When he is intent on a small bug working its way over a brown torn leaf, I consider -What is he thinking? Is he planning his day in his head? Something like “Gee, will I get a treat when we go home? When will I go in the car? When is she going to work?”  

I doubt it.  All that obsessing and endless planning is saved for me–the human in the relationship–the one who is supposed to be of superior intellect. But it is Joey, the Dog, who is the ultimate wise Zen Master–ever present, mindful, and observing without judgment. Forever forgiving and unconditionally loving. He has taught me mindfulness.

Among all the gifts there are in having a dog by my side, this is the big one. He has taught me that while we don’t cover as much ground as we once did, at this new and slower pace we see and enjoy so much more.

He has also taught me that a really yummy treat and a nap in the sun can do wonders.

 

© 2013 Donna F. Ferber, LPC, LADC is a psychotherapist in private practice in Farmington, CT since 1986. She is the author of the award winning From Ex-Wife to Exceptional Life: A Woman’s Journey through Divorce now available in Kindle format for $9.99 as well as in paperback.

6 Comments

  1. Wendy on the 13. Apr, 2013 remarked #

    I heard about a book, titled “On Looking”. I haven’t read it yet, but I understand it is about how the author learned to really look at things by watching her dog(s). It’s on my ‘to read’ list. Loved your post by the way.

  2. cj golden on the 14. Apr, 2013 remarked #

    Absolutely gorgeous. There is no more to say.

  3. Dawn S on the 14. Apr, 2013 remarked #

    Donna – what a great blog post! I remember when you got Joey – and even named one of my pups after him as I loved the name.

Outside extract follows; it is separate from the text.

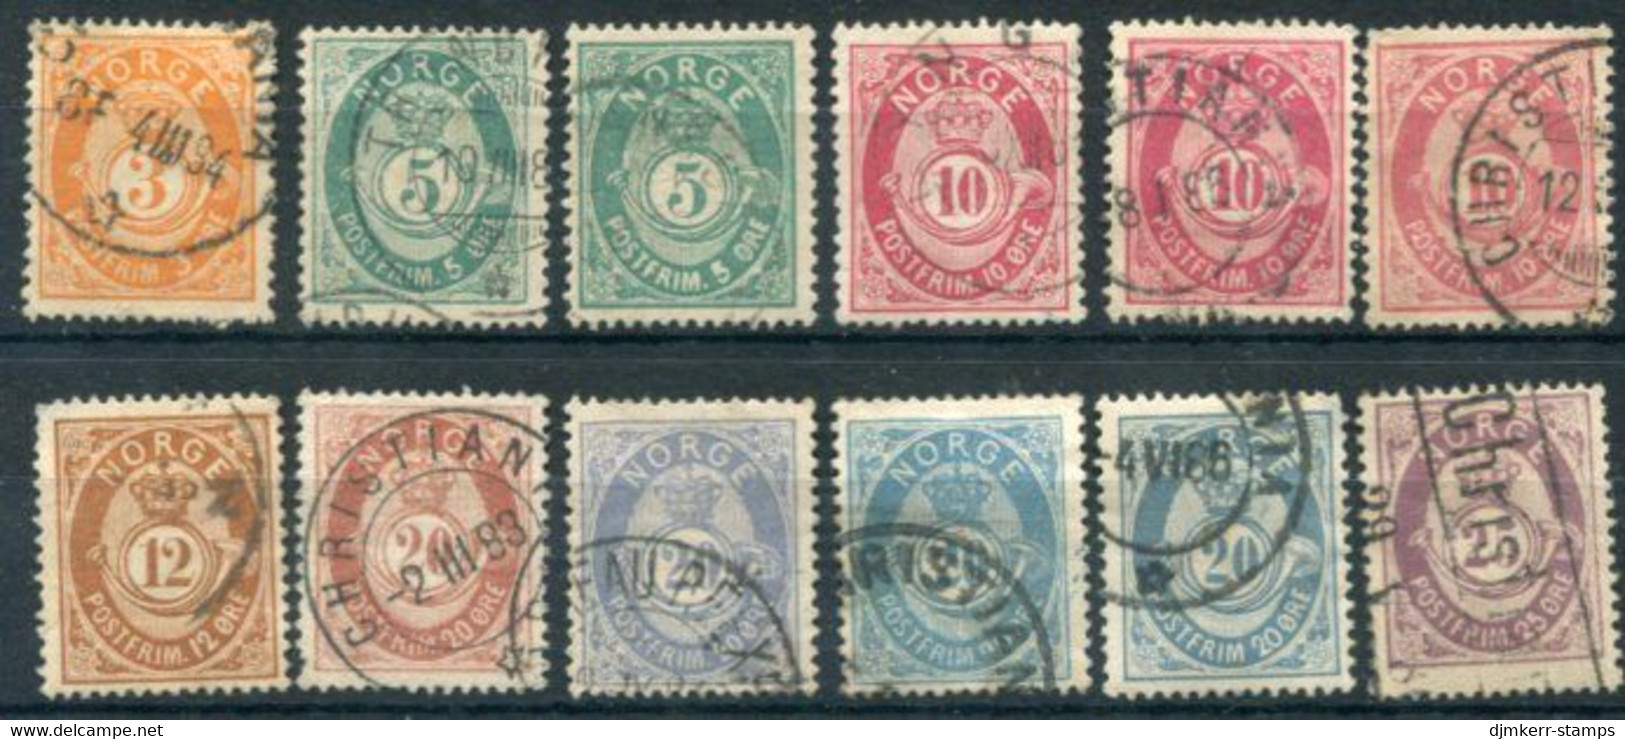 NORWAY 1882 Posthorn Definitive Set  Used.  Michel 35-42, Except 38. - Usati

  4. Jan on the 19. Apr, 2013 remarked #

    I was blessed to share life with a much-loved and wonderful cat who left us late last summer at the very old age of 19 (over 90 in people years, according to the vet). I still miss her and wish she was here, but I learned from her that when you know it is time, you just rest your head on your water dish and ask those who love you to let you go.

  5. Patti on the 22. Apr, 2013 remarked #

    I’ve only been without a dog for 2 days in 25 years and cried for those two days. Dogs are such wonderful unconditional love companions.

    Mine currently is Sheena, a 9 year old husky-collie mix who is the sweetest gentlest but stubborn and independent creature – hmm, they do say that they take after their owners right?

  6. Judy on the 29. Apr, 2013 remarked #

    It is a blessing that you and Joey have found each other,and have found greater understanding because of this relationship.